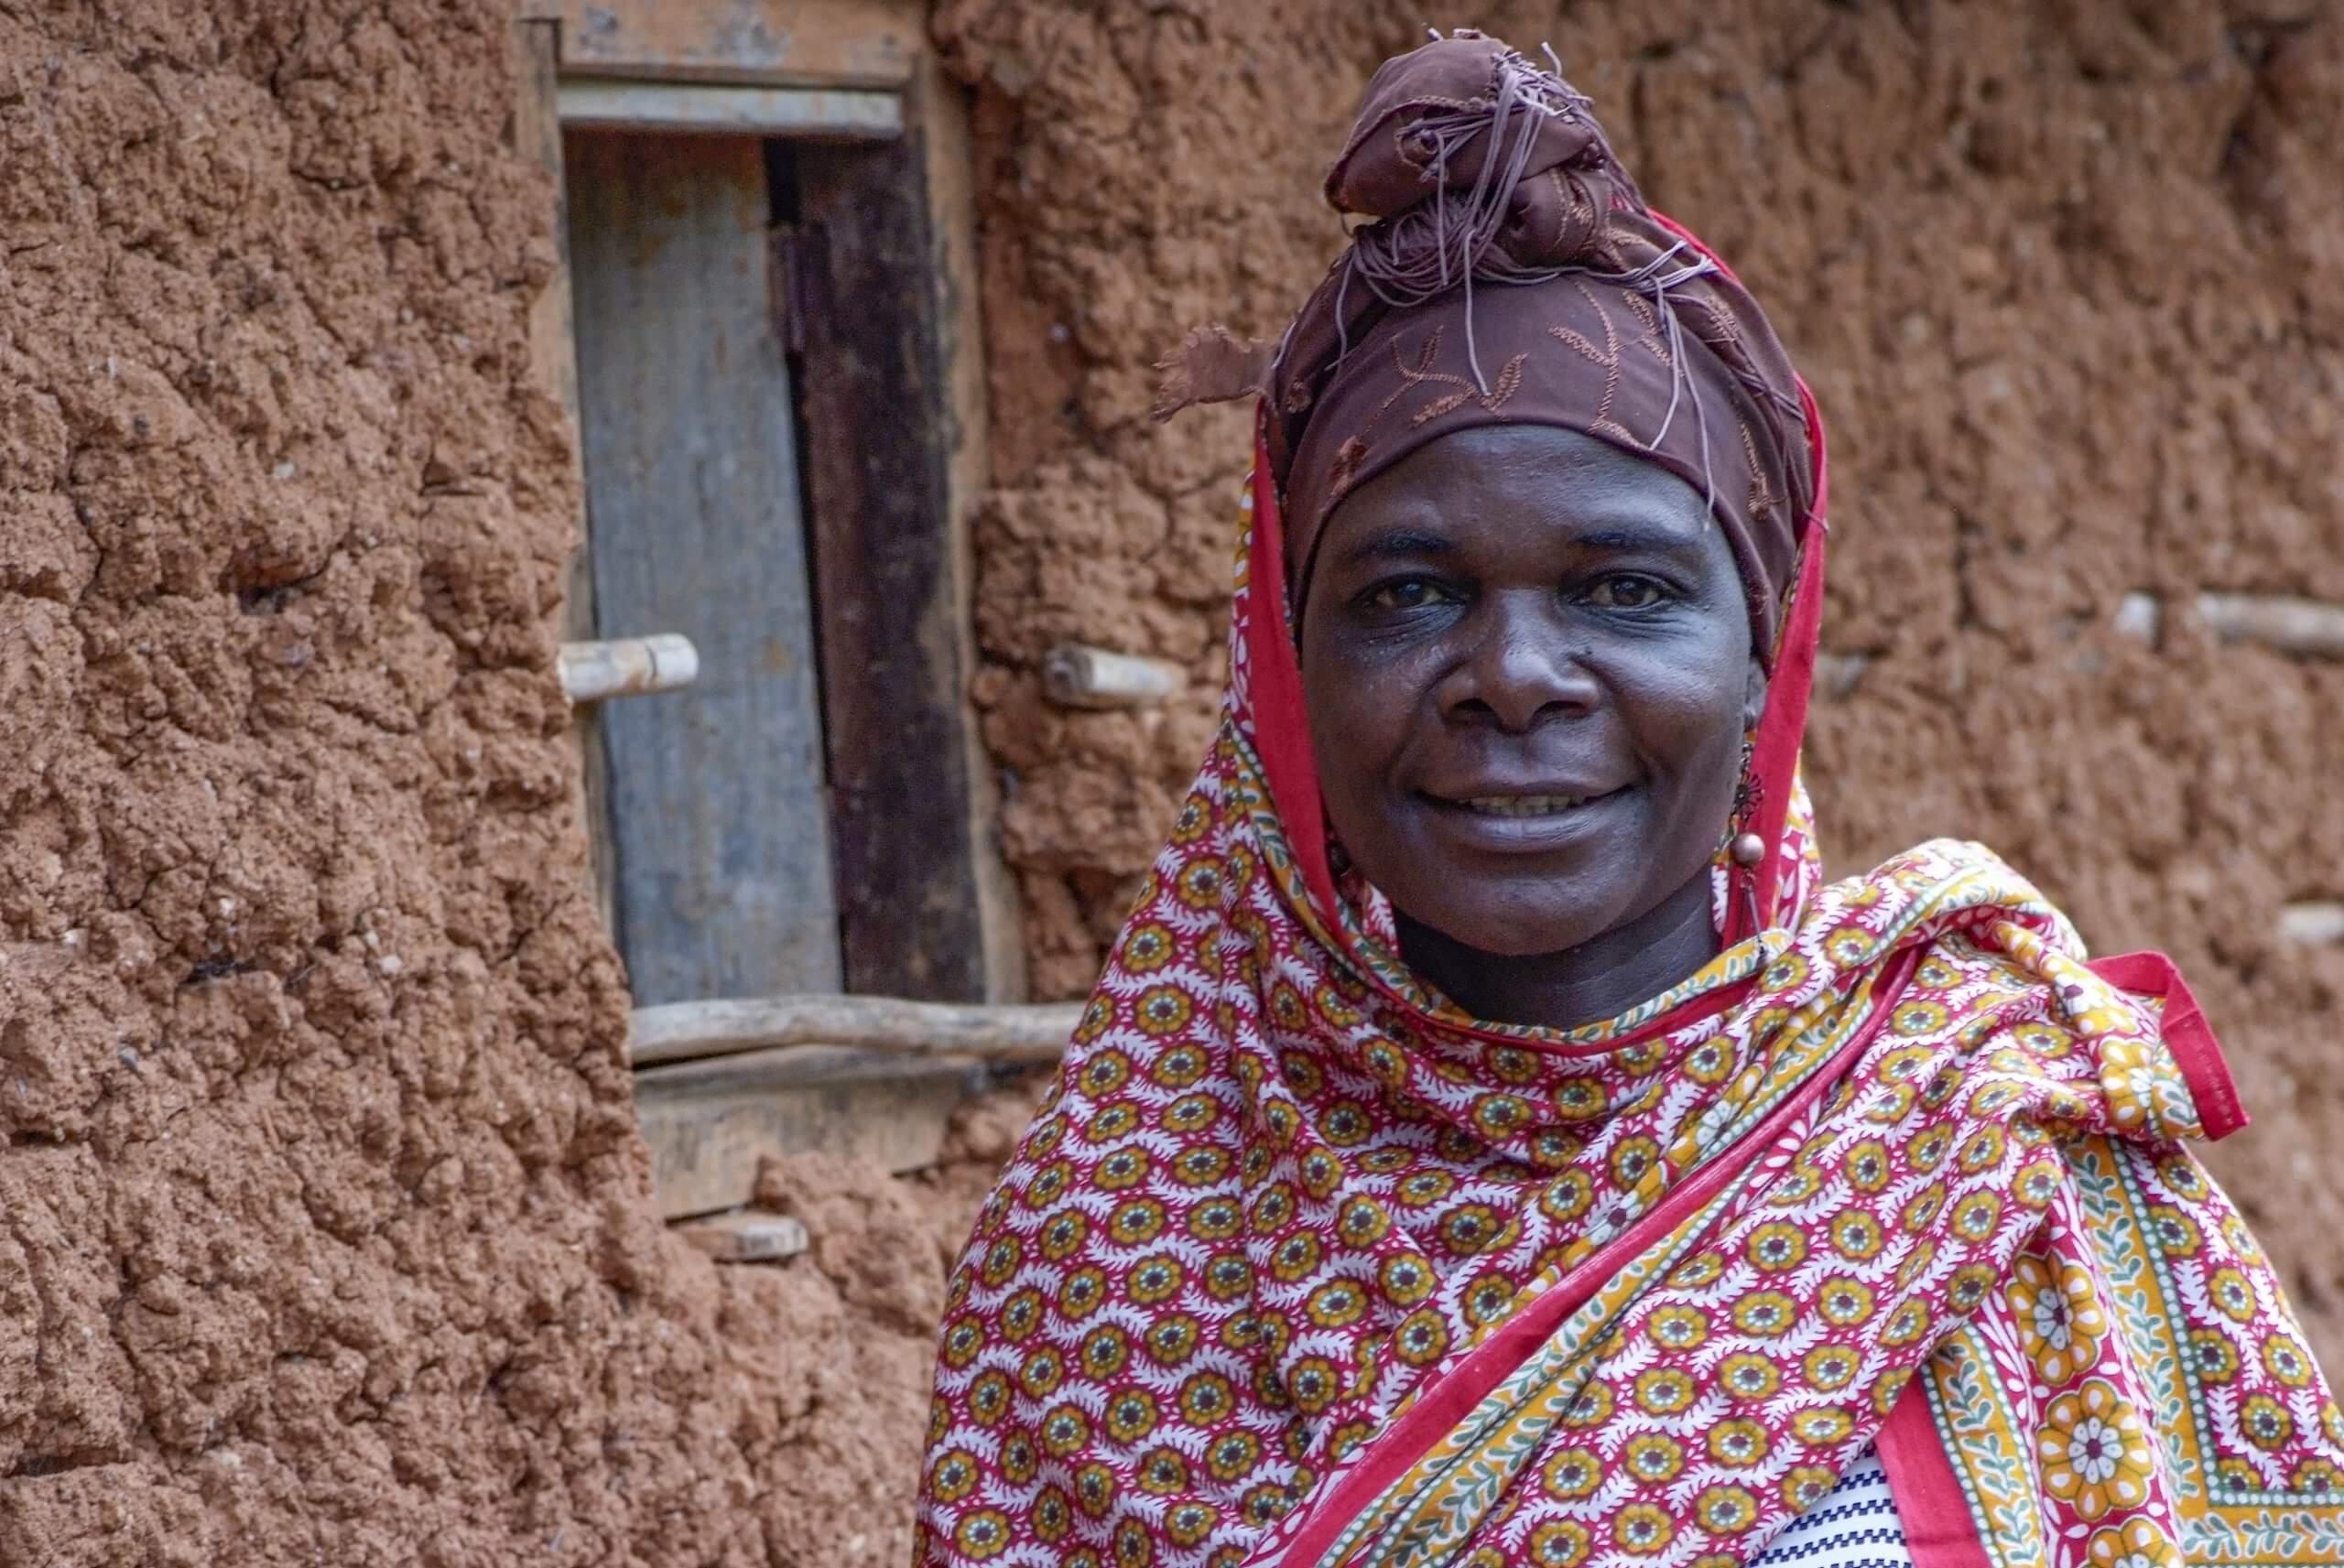 19 01 boerin trotse vrouw Zuhura Shabani Amani Tanzania 4647 scaled
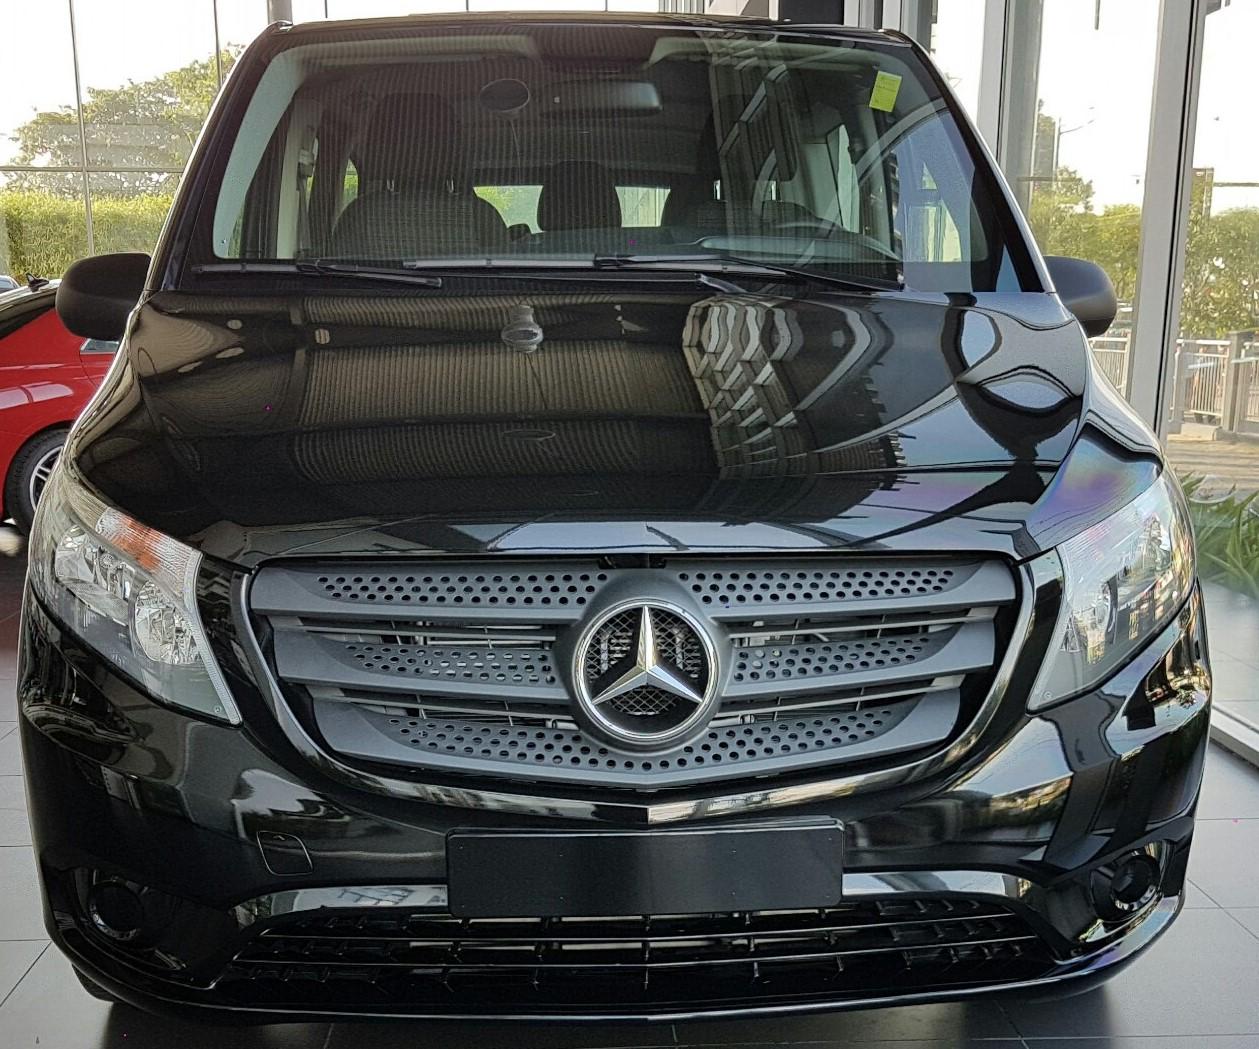 Ngoại thất Xe Mercedes Benz Vito Tourer 121 Máy Xăng màu đen 01
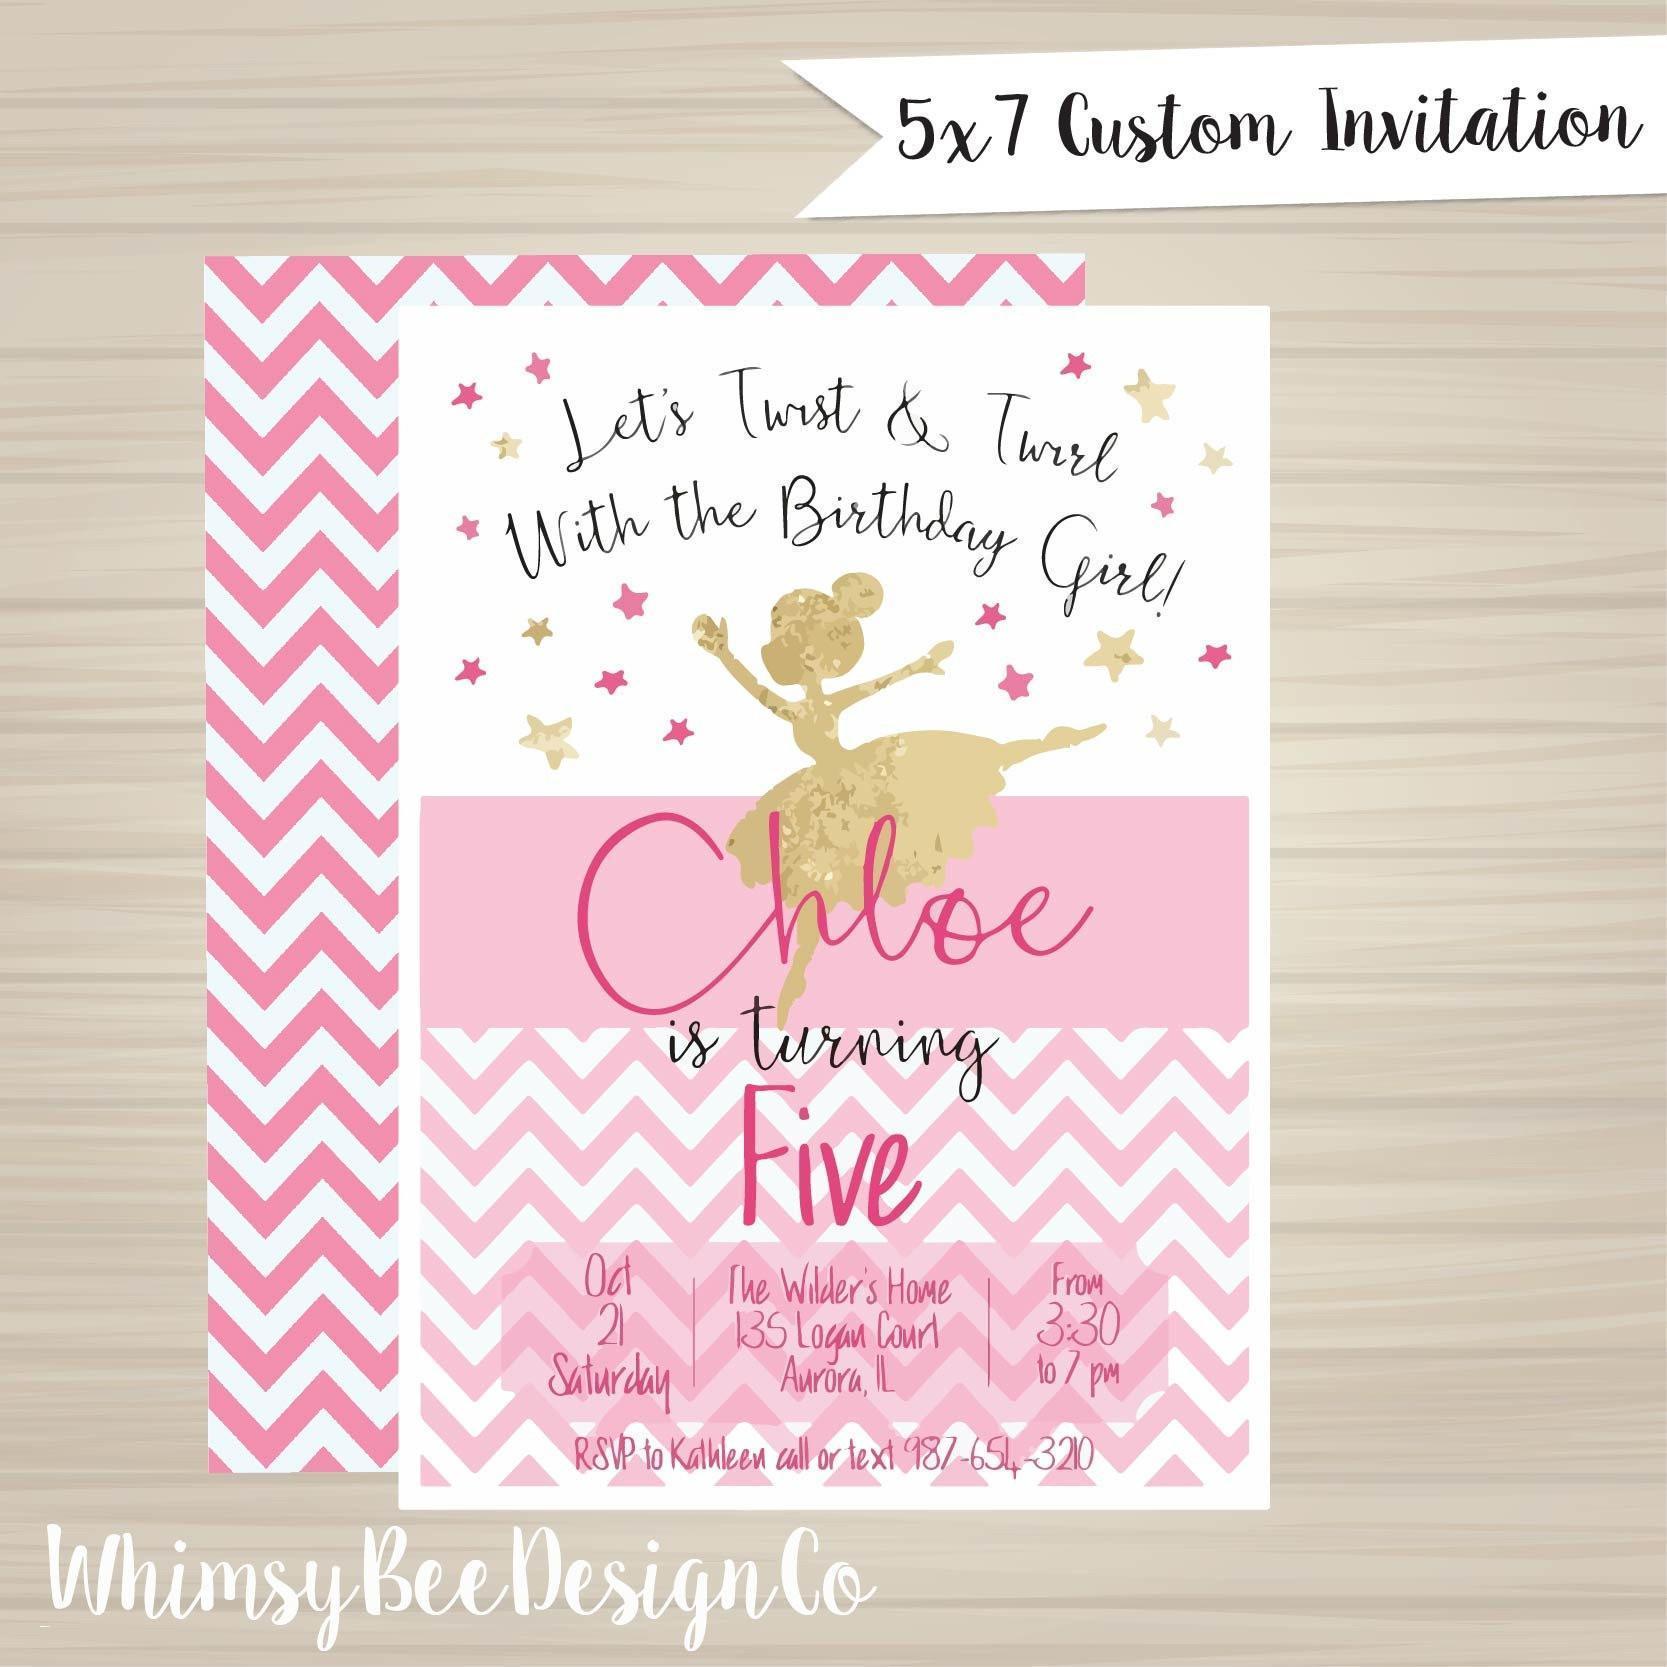 60th Birthday Invitation Format

◆ Required work: Leave the pictures out and output the rest of the data word for word.

◆ Reply:
 19 01 boerin trotse vrouw Zuhura Shabani Amani Tanzania 4647 scaled
 Ngoại thất Xe Mercedes Benz Vito Tourer 121 Máy Xăng màu đen 01
 60th Birthday Invitation Format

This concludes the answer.